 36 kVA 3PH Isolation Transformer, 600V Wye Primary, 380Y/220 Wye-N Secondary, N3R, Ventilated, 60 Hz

==

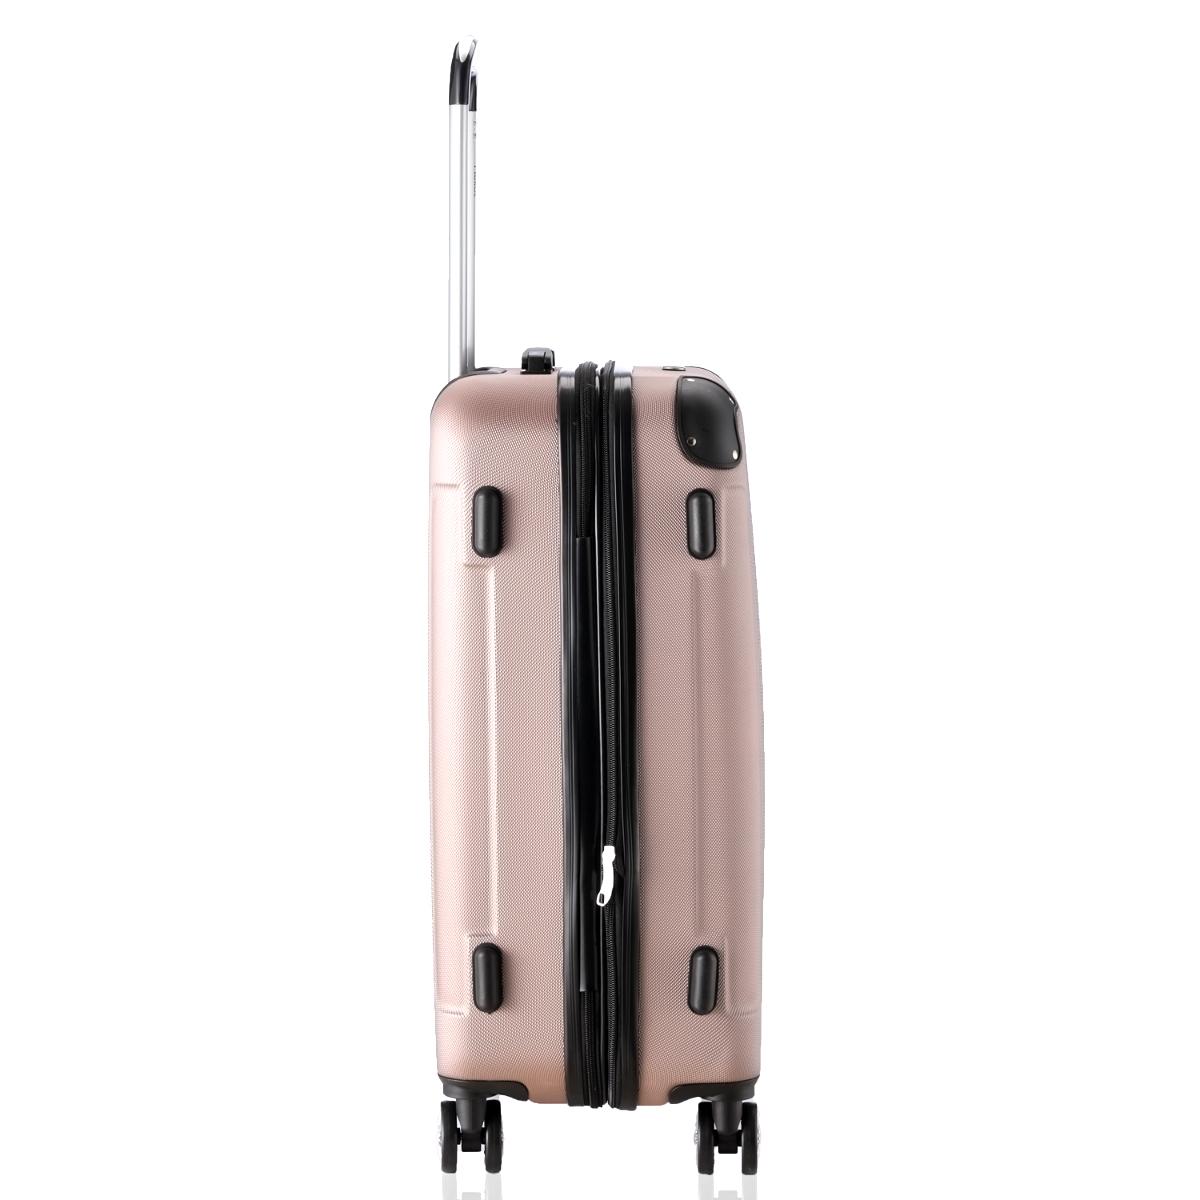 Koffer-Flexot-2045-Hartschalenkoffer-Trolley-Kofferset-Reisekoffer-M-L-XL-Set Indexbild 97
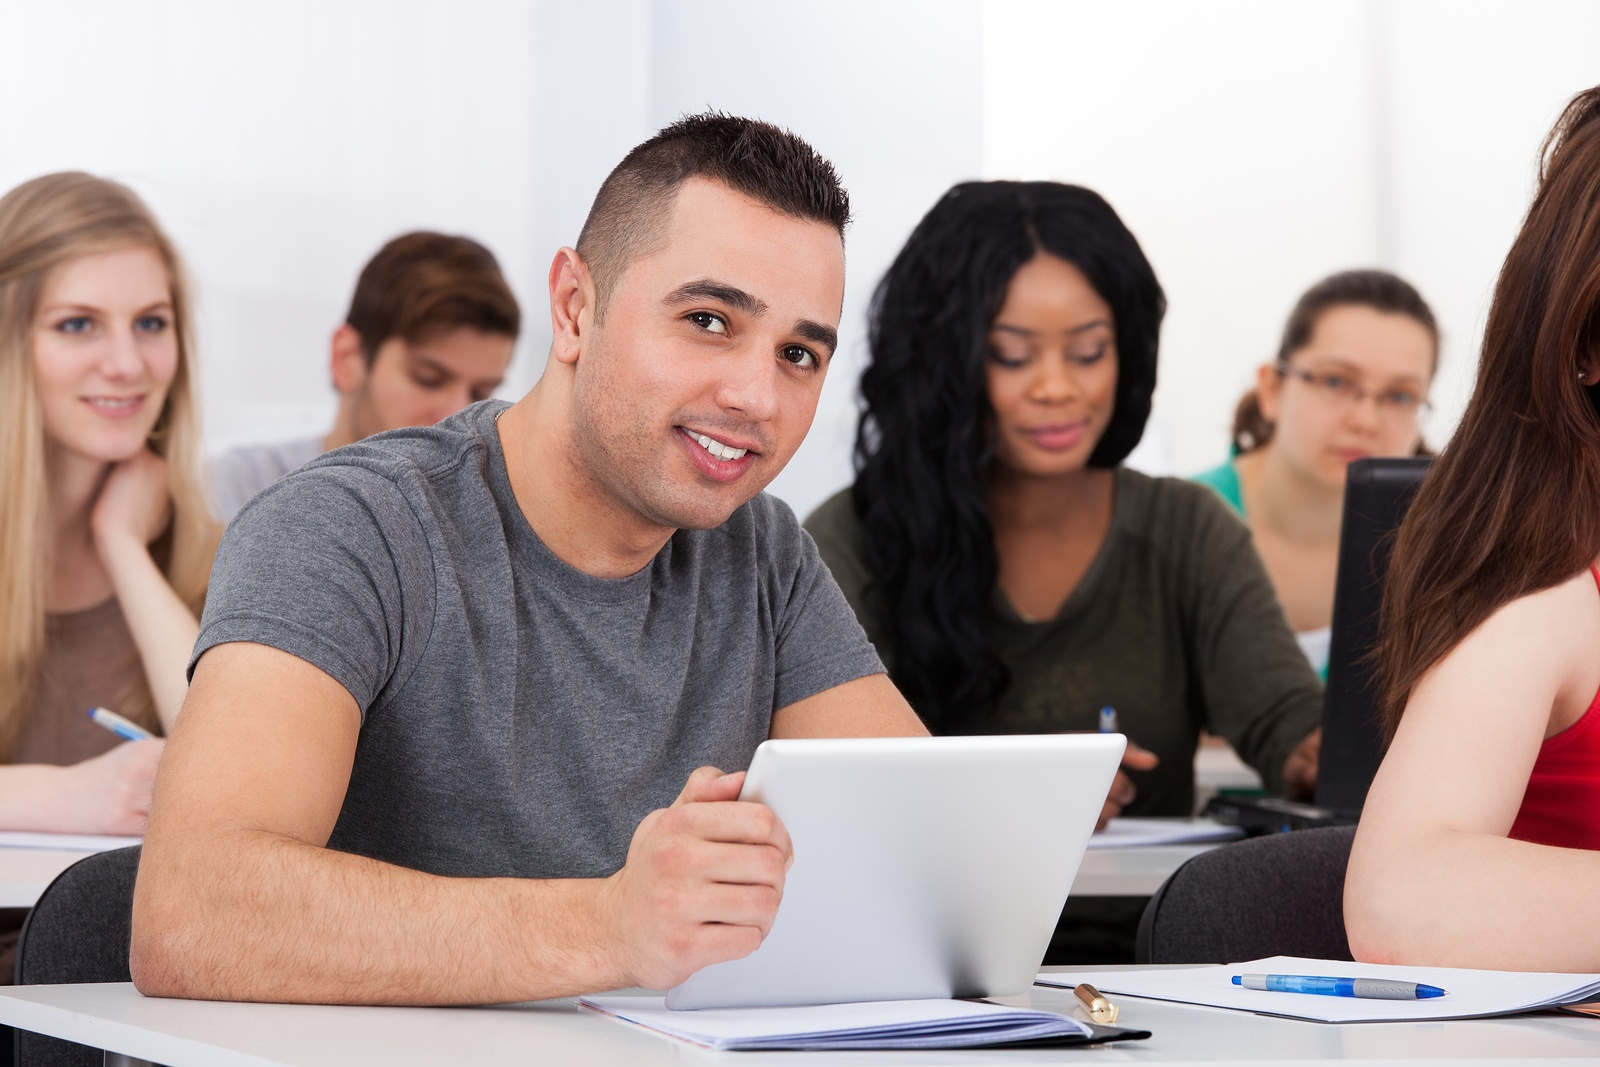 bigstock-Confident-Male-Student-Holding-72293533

...

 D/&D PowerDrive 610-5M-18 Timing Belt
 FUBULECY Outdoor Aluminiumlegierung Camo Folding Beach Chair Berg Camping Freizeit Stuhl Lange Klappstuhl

* [TASK ITEM] Going back to the entries above, set down exactly the lines that begin at the one with "D/&D PowerDrive 610-5M-18 Timing Belt" and end at the one with "FUBULECY Outdoor Aluminiumlegierung", both included, and nothing else.

* [TASK RESPONSE]
 D/&D PowerDrive 610-5M-18 Timing Belt
 FUBULECY Outdoor Aluminiumlegierung Camo Folding Beach Chair Berg Camping Freizeit Stuhl Lange Klappstuhl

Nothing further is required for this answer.